What Elphaba said and when you refer to a 'UAE resident' you should be referring to a 'UAE national'. An expat who resides in the uae will not do.


----------



## Elphaba (Jan 24, 2008)

Jumeirah Jim said:


> What Elphaba said and when you refer to a 'UAE resident' you should be referring to a 'UAE national'. An expat who resides in the uae will not do.


Well spotted.

Shame though, as otherwise we could all make a fortune by doing nothing...


----------



## Morlok (Nov 7, 2011)

Jumeirah Jim said:


> What Elphaba said and when you refer to a 'UAE resident' you should be referring to a 'UAE national'. An expat who resides in the uae will not do.
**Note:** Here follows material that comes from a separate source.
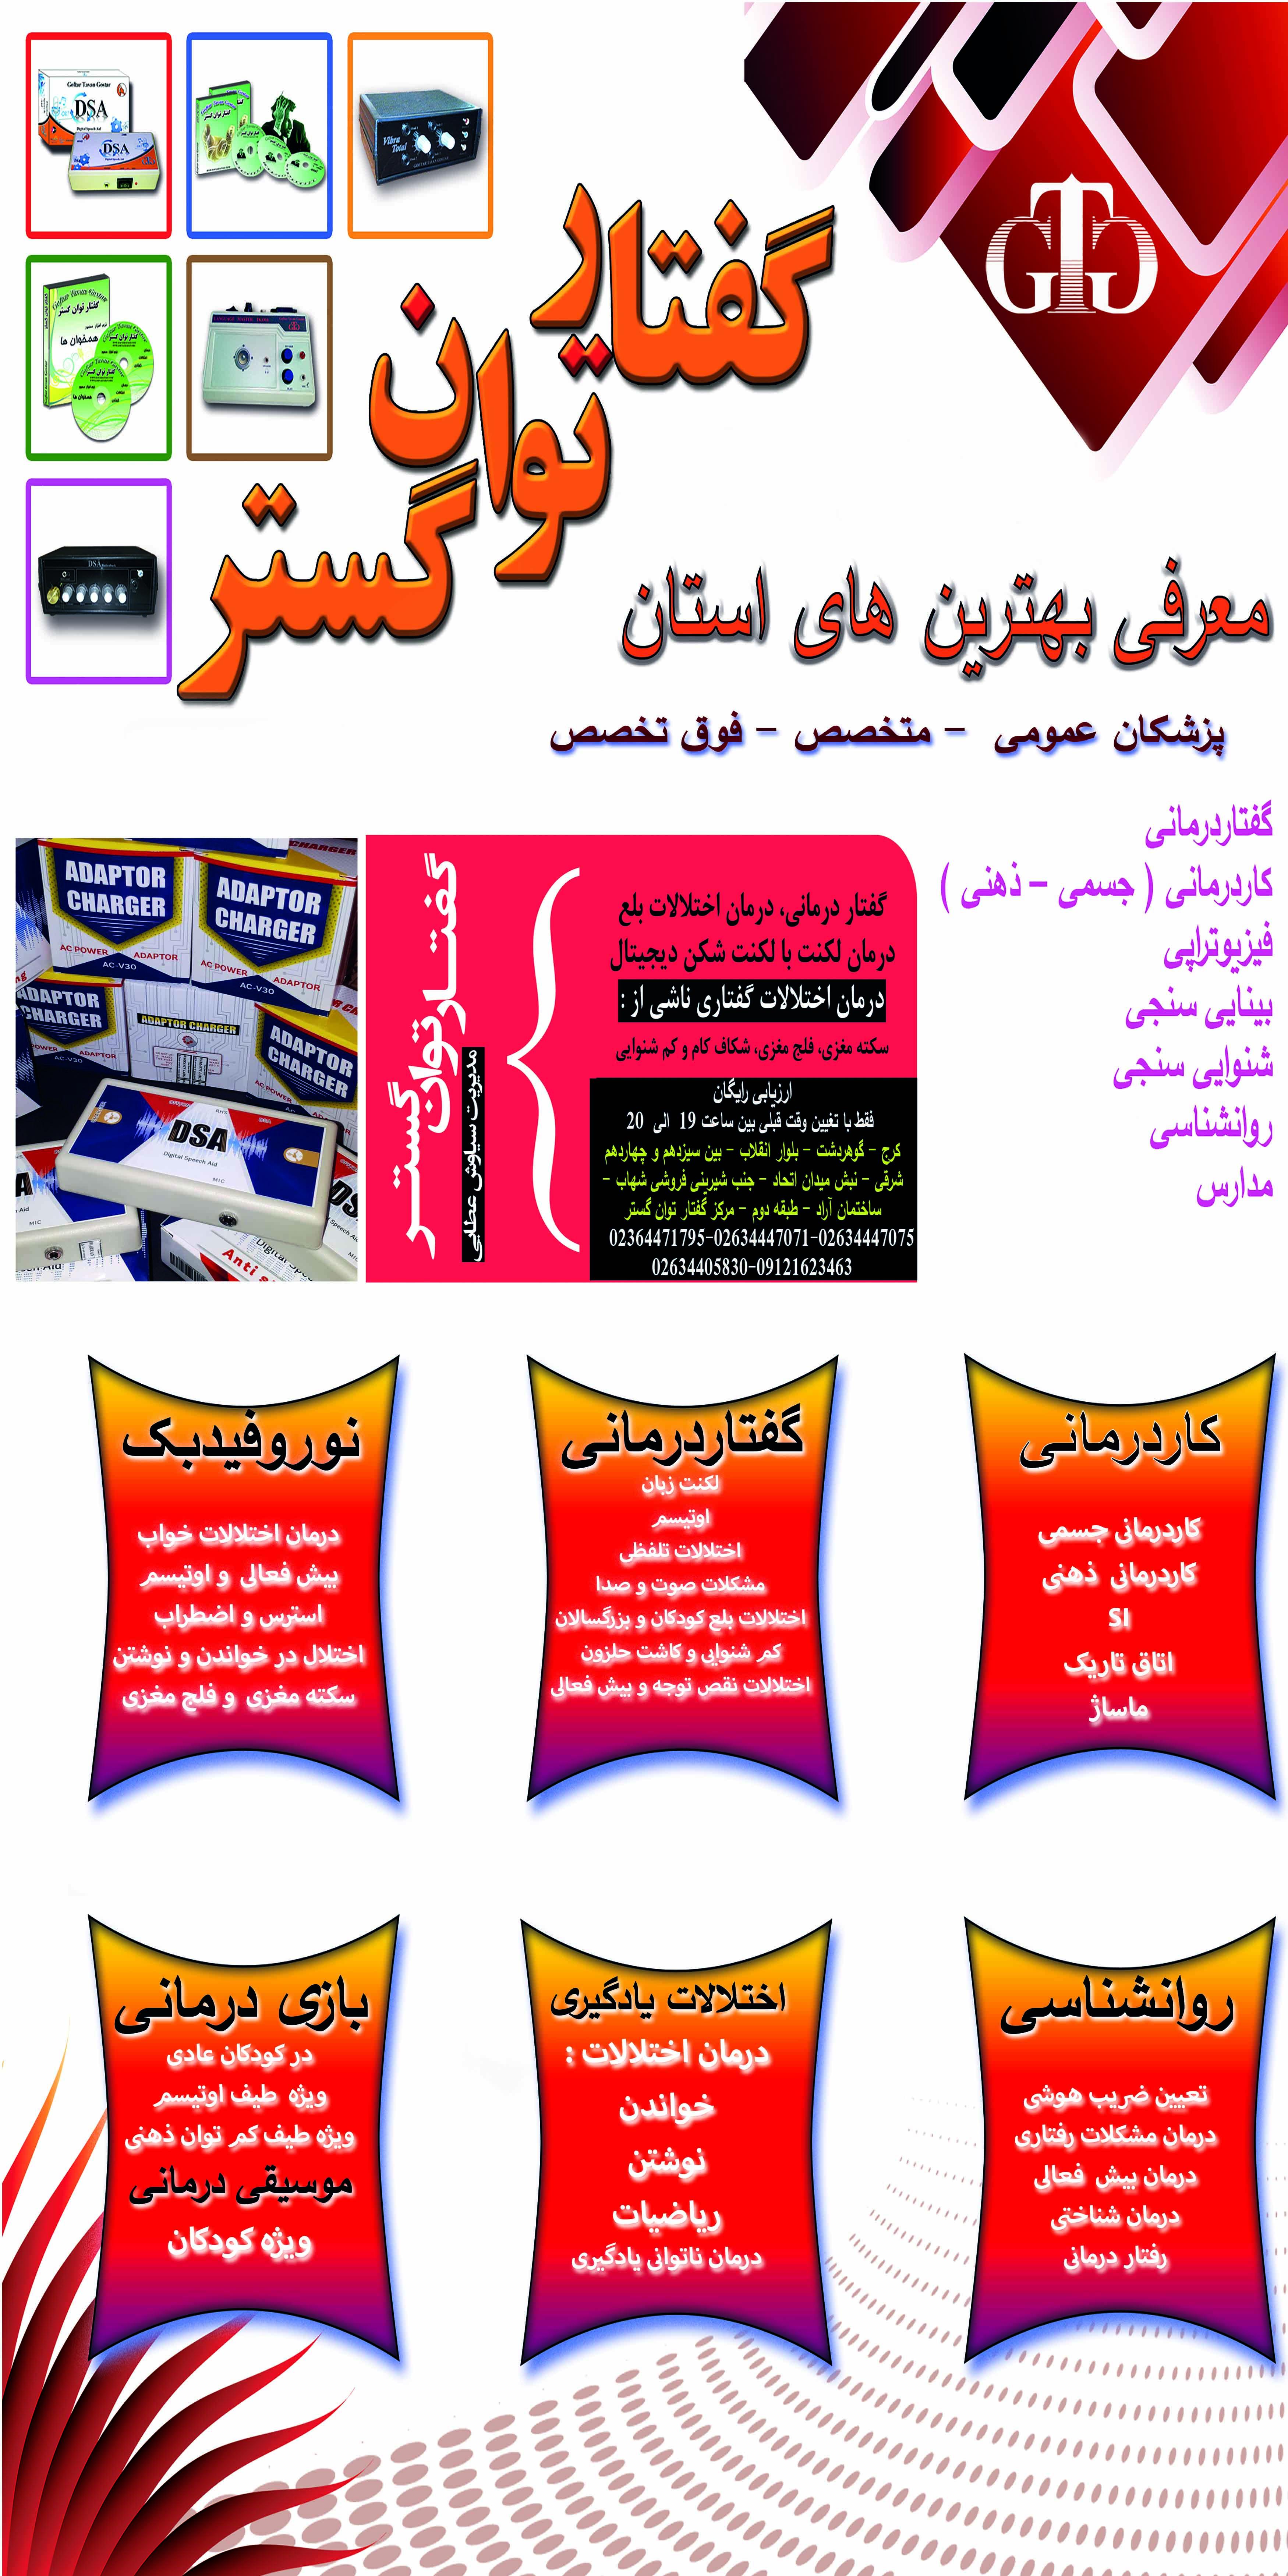 بهترین کلینیک تخصصی گفتار درمانی در استان تهران ، بهترین کلینیک تخصصی گفتار درمانی در استان اصفهان ، بهترین کلینیک تخصصی گفتار درمانی در استان اهواز ، بهترین کلینیک تخصصی گفتار درمانی در استان تبریز ، بهترین کلینیک تخصصی گفتار درمانی در استان شیراز ، گفتاردرمانی کرج ، بهترین کلینیک تخصصی گفتار درمانی در استان مشهد ، بهترین کلینیک تخصصی گفتار درمانی در استان کرمانشاه ، بهترین کلینیک تخصصی گفتار درمانی در استان اراک ، بهترین کلینیک تخصصی گفتار درمانی در استان اردبیل ، بهترین کلینیک تخصصی گفتار درمانی در استان ارومیه ، بهترین کلینیک تخصصی گفتار درمانی در استان ایلام ، بهترین کلینیک تخصصی گفتار درمانی در استان بجنورد ، بهترین کلینیک تخصصی گفتار درمانی در استان بندر عباس ، بهترین کلینیک تخصصی گفتار درمانی در استان بوشهر ، بهترین کلینیک تخصصی گفتار درمانی در استان بیرجند ، بهترین کلینیک تخصصی گفتار درمانی در استان خرم آباد ، بهترین کلینیک تخصصی گفتار درمانی در استان خمینیشهر ، بهترین کلینیک تخصصی گفتار درمانی در استان زاهدان ، بهترین کلینیک تخصصی گفتار درمانی در استان زنجان ، بهترین کلینیک تخصصی گفتار درمانی در استان ساری ، بهترین کلینیک تخصصی گفتار درمانی در استان سمنان ، بهترین کلینیک تخصصی گفتار درمانی در استان سنندج ، بهترین کلینیک تخصصی گفتار درمانی در استان شهرکرد ، بهترین کلینیک تخصصی گفتار درمانی در استان قزوین ، بهترین کلینیک تخصصی گفتار درمانی در استان قم ، بهترین کلینیک تخصصی گفتار درمانی در استان کاشان ، بهترین کلینیک تخصصی گفتار درمانی در استان کرمان ، بهترین کلینیک تخصصی گفتار درمانی در استان گرگان ، بهترین کلینیک تخصصی گفتار درمانی در استان نیشابور ، بهترین کلینیک تخصصی گفتار درمانی در استان همدان ، بهترین کلینیک تخصصی گفتار درمانی در استان یاسوج ، بهترین کلینیک تخصصی گفتار درمانی در استان یزد ،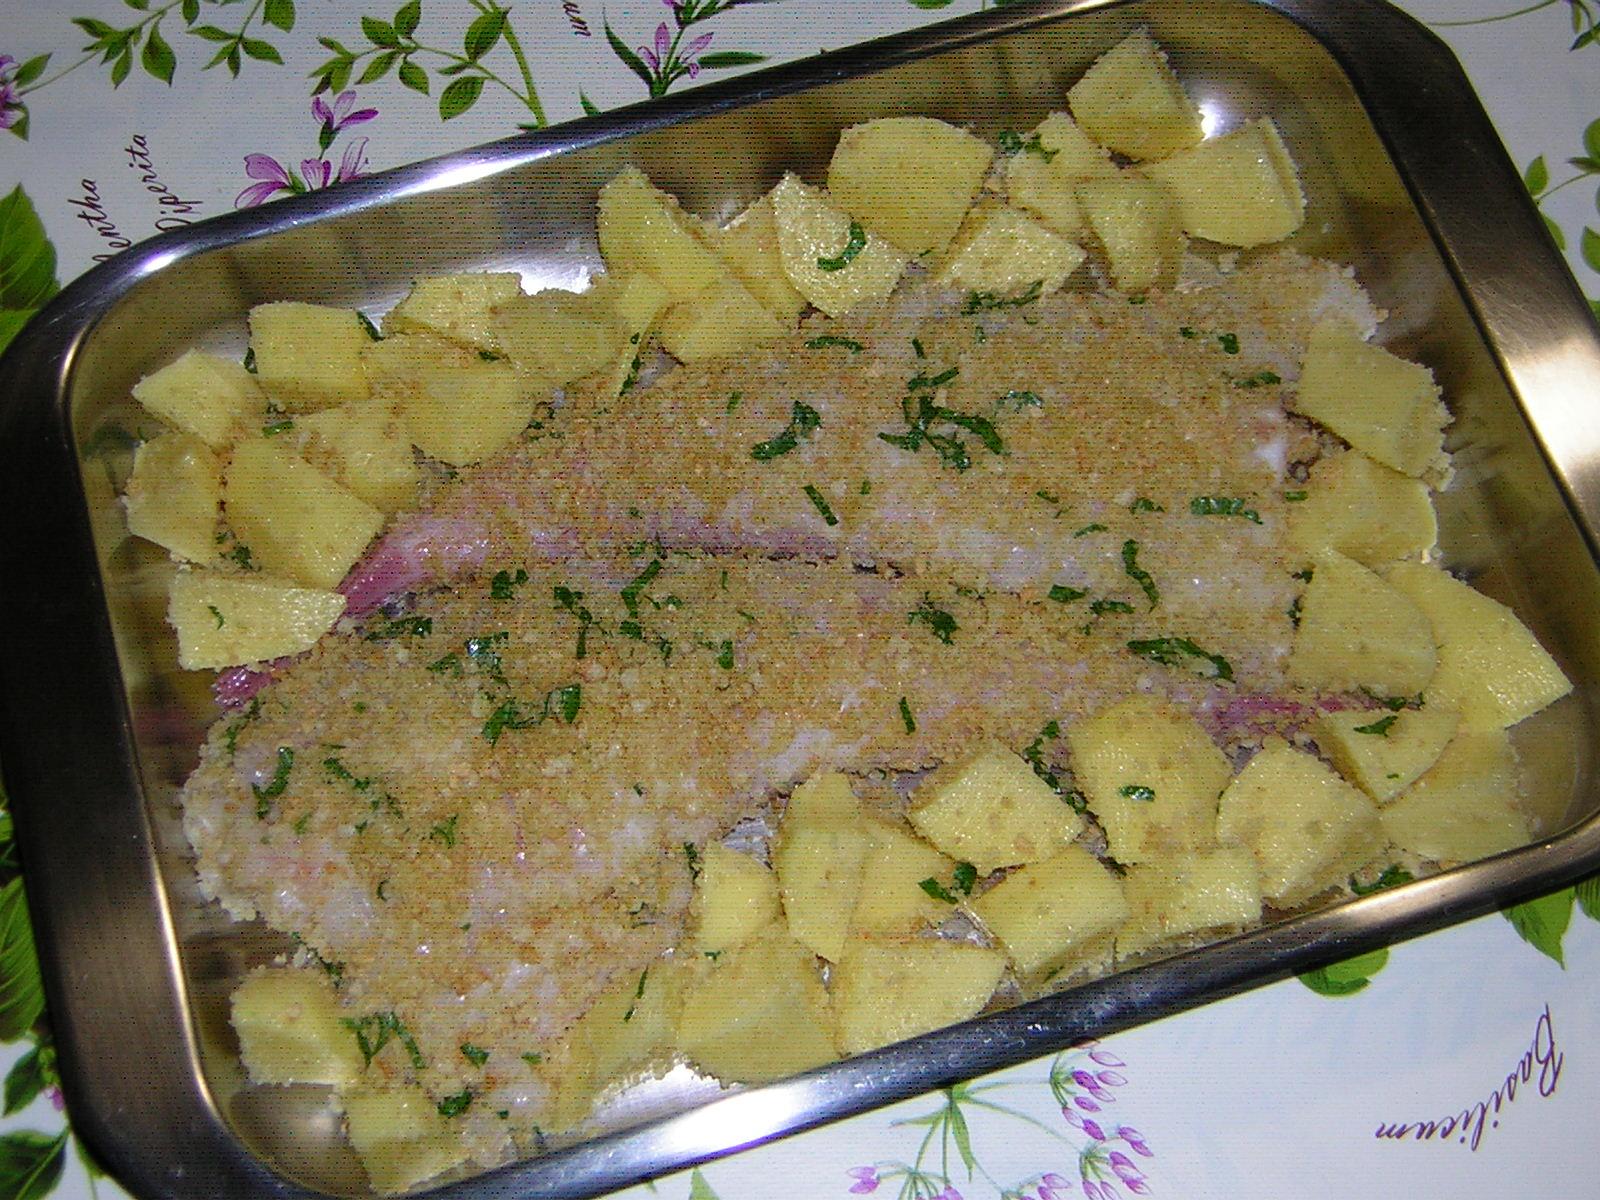 preparazione della coda di rospo al forno con patate

Something not quite right there. I have a mate of mine who has an air conditioning LLC in Diera and both partners are expats living in UAE.


----------



## dxbexpat (Nov 7, 2011)

In dubai you can check out Dubai Media City, Silicon Oasis, Dubai Metals and Commodity Center, Dubai Outsource zone. All these free zones have been built targeting specific industries but often allow some non industry licences to be issued. Google them and check their sites to get a better overview. RAKFTZ and Virtuzone although from Ras Al Khaimah and Fujairah have offices in Dubai so this helps you avoid trips outside Dubai and they have both friendly staff. Good Luck.


----------